The need to accurately measure electrical energy became critical after the energy crisis of the 1970s. The instrument for measuring electrical energy is the kilowatt hour (kWh) meter, which measures cumulative energy consumption over a period of time. Another useful measurement is kilowatt demand (kWD), which signifies the maximum power demand within a time period. Utilities use demand costs as part of the total electric charge, so by measuring power demand, the institution can analyze consumption patterns for possible reductions. In addition, the difference between peak demand and the substation rating indicates the available spare capacity, which is useful when considering future distribution expansion.
For low-voltage systems (less than 150 amperes), a kWh meter is connected directly to the service. For high-voltage systems and larger currents, potential transformers (PTs) and current transformers (CTs) are used. PTs have the same primary voltage as the system but have a secondary voltage of 120 V. CTs are shaped like doughnuts and are placed around the power conductor. Because CTs are constant current sources, if the CT circuit is opened when energized, an explosion can result from high voltages.
Electric meters are subject to drift, so they should be periodically tested and calibrated. The magnitude of service and the critical importance of the data will determine how often they should be calibrated.
Use of Capacitors for Power Factor Correction
Power factor is an important value in load consideration and measurement.

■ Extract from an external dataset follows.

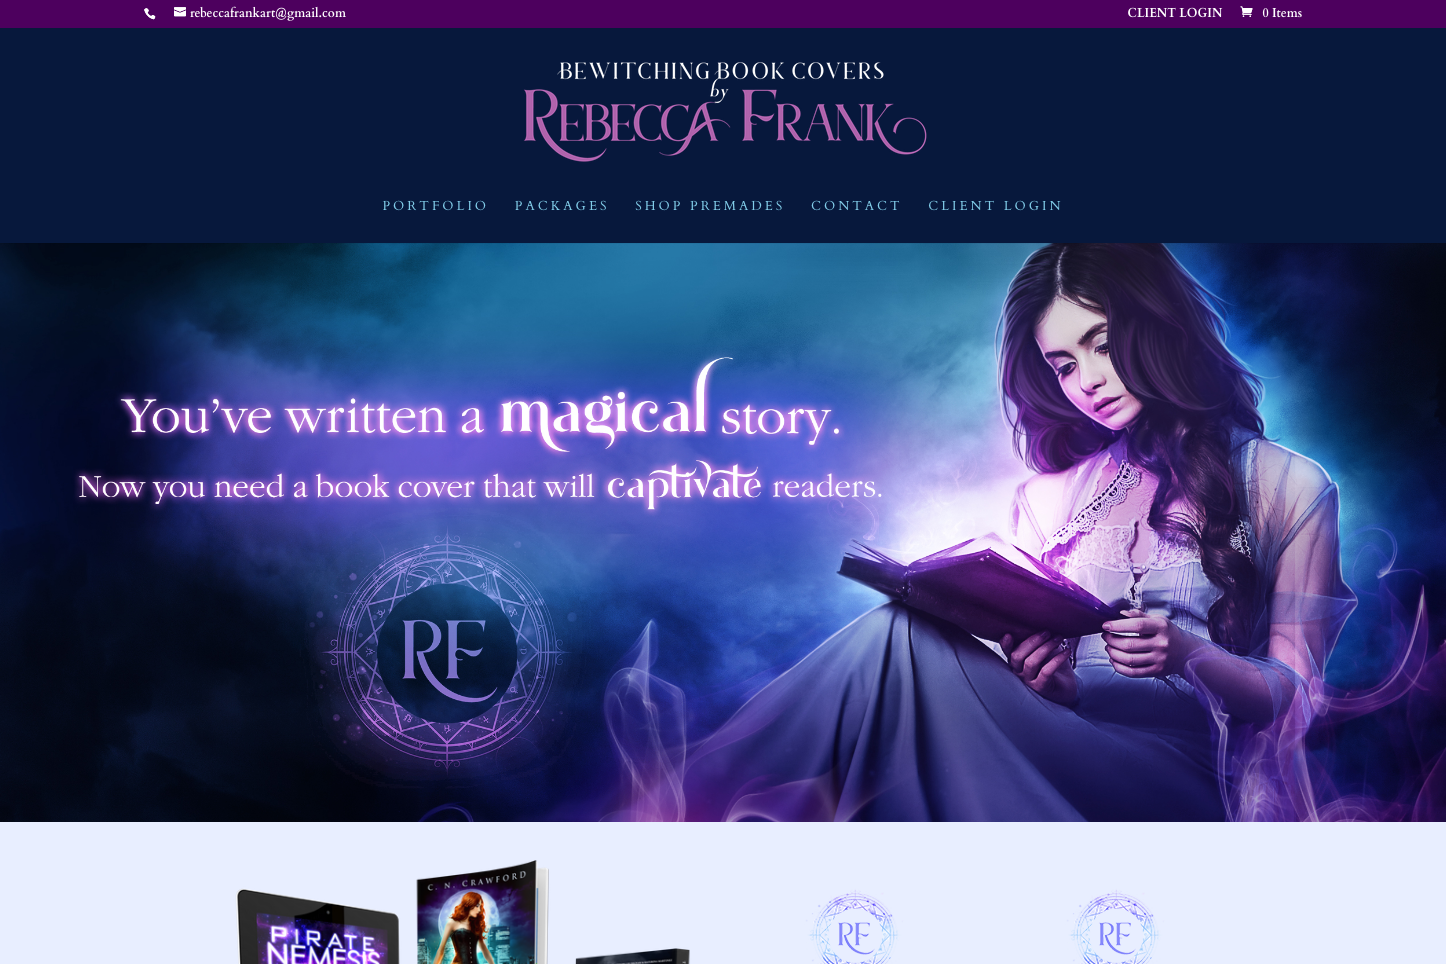 Rebecca Frank Cover Art Website
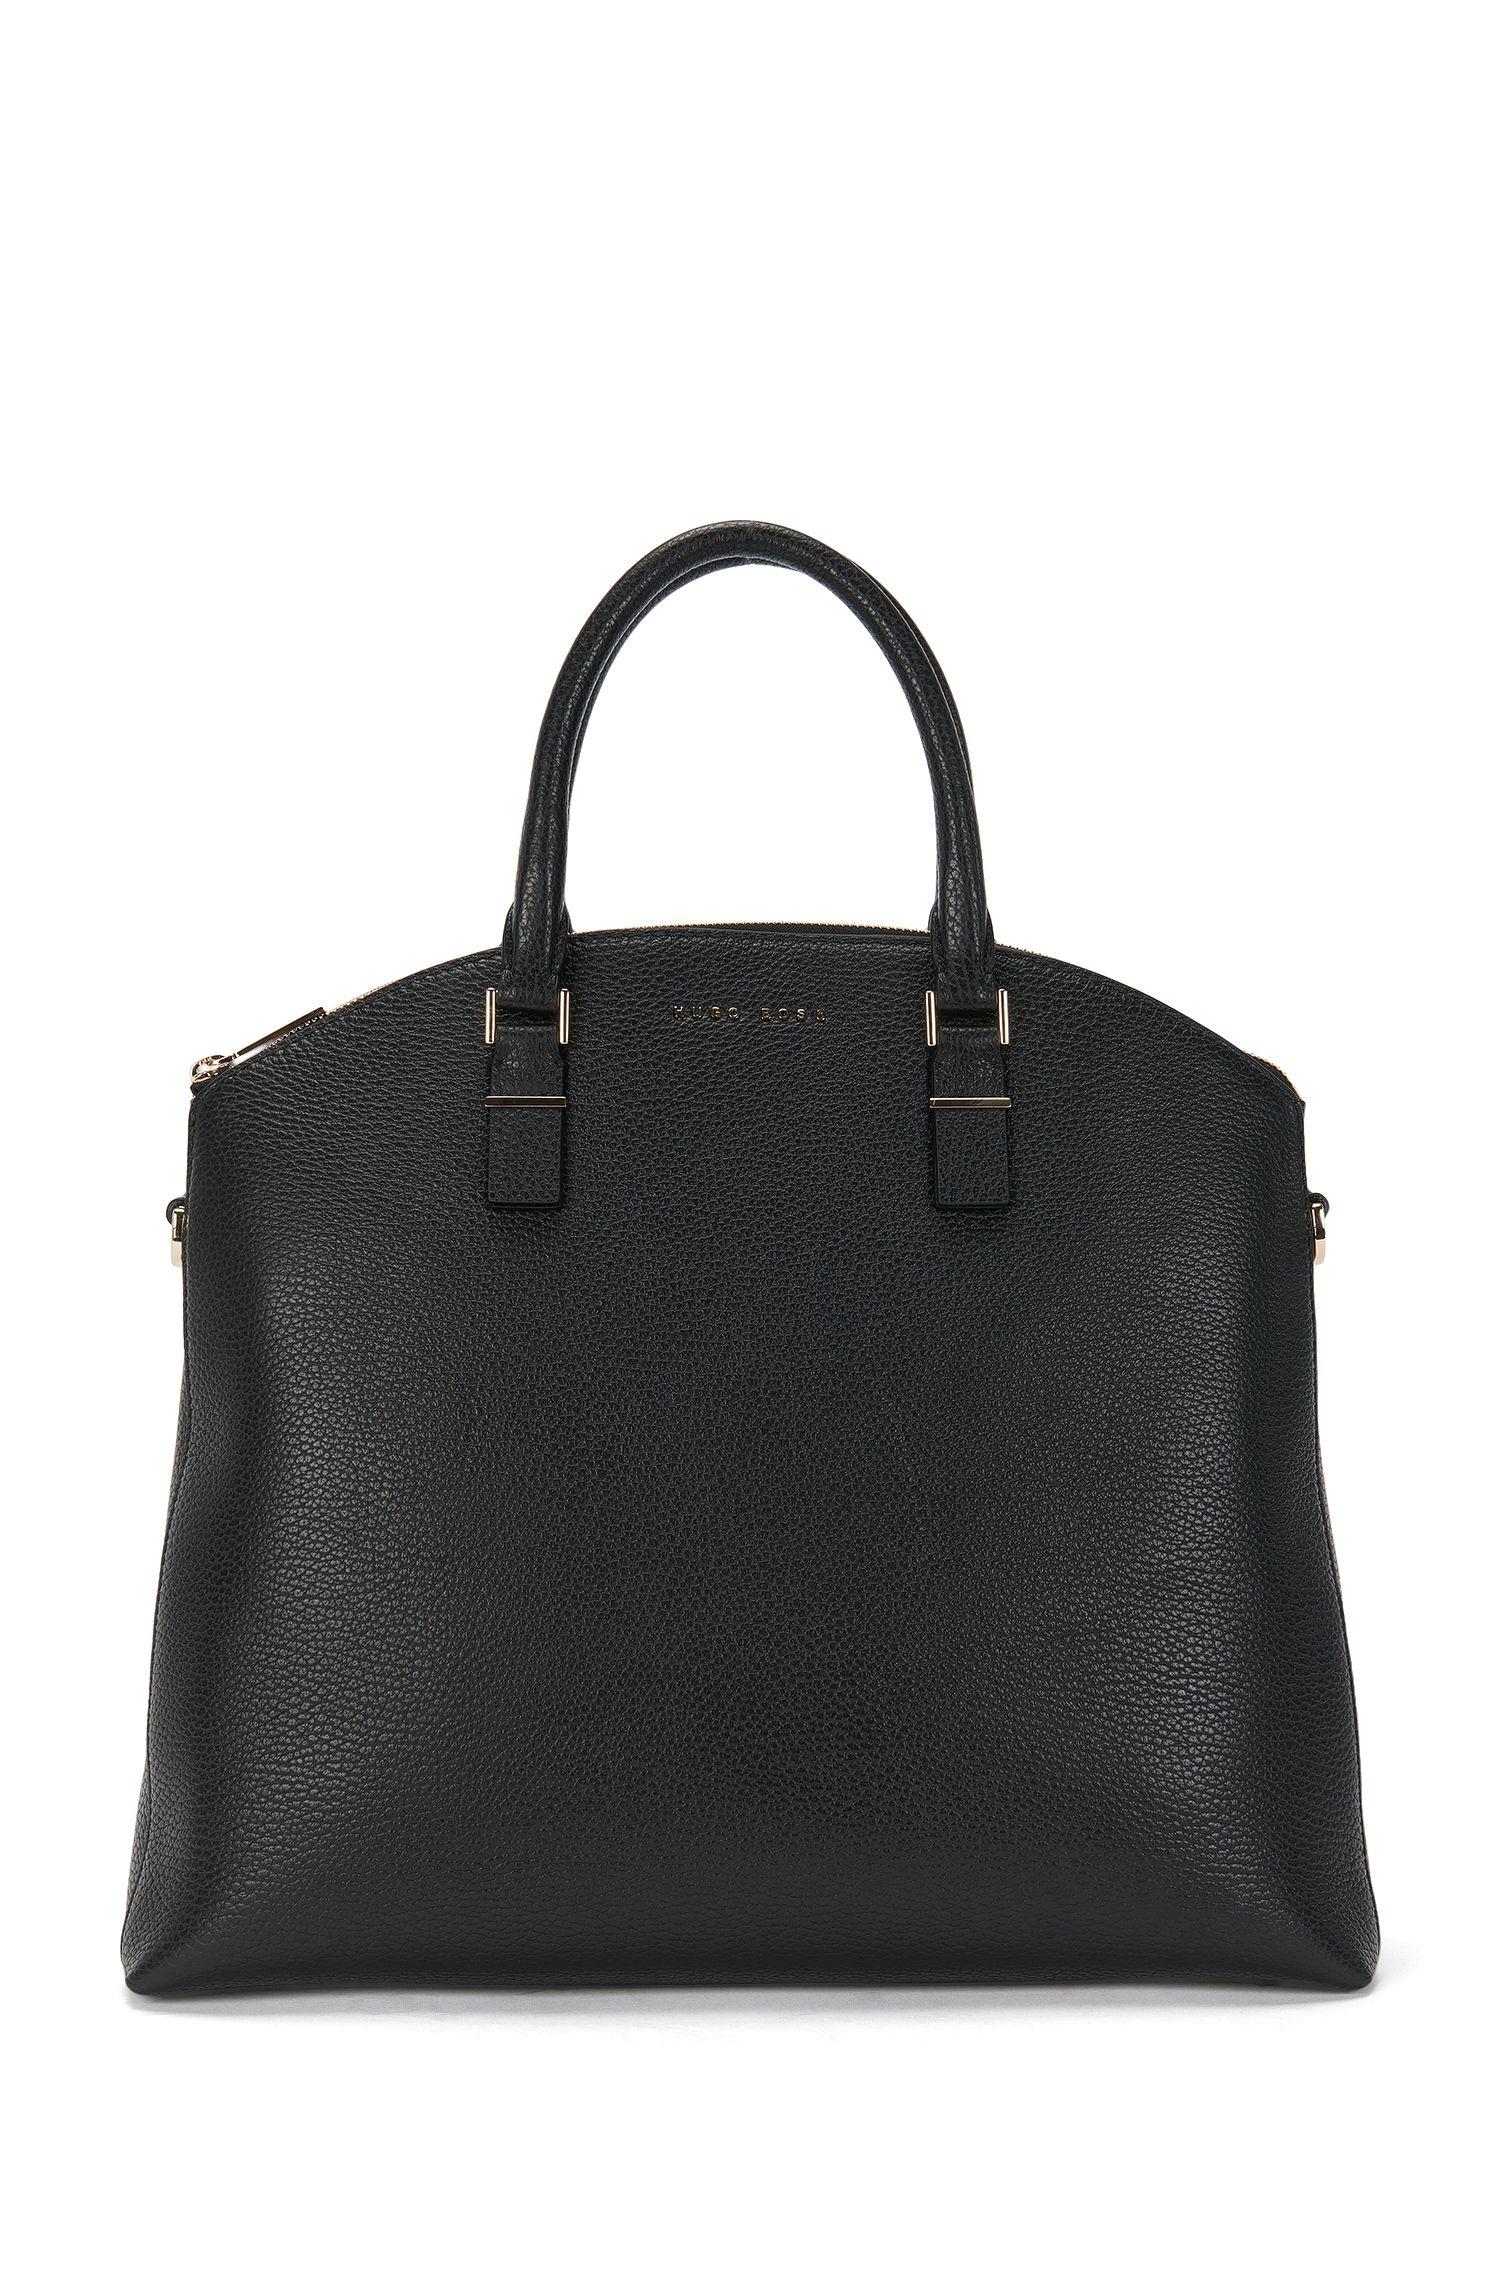 'Luxury S. Bugatti'   Leather Grained Shopper Handbag, Detachable Shoulder Strap

AC was adopted principally to take advantage of transformers that do not operate with direct current and also helped simplify motor design. At the same time, problems were introduced by the presence of inductive reactance in the circuit and reactive power required by motor loads. Because of the reactive power, principally in motors but to some extent in other loads, the current lags in time relative to the voltage. Therefore, more current is required to provide a given amount of power. The power factor is the quantity by which the apparent power must be multiplied to obtain the active power of the circuit. There is no way to eliminate this component of current, but it can be neutralized by adding another load to the circuit in the form of capacitors. Capacitors can be located at the loads, in the substations, or on the lines. Power factor correction on the lines generally is less costly.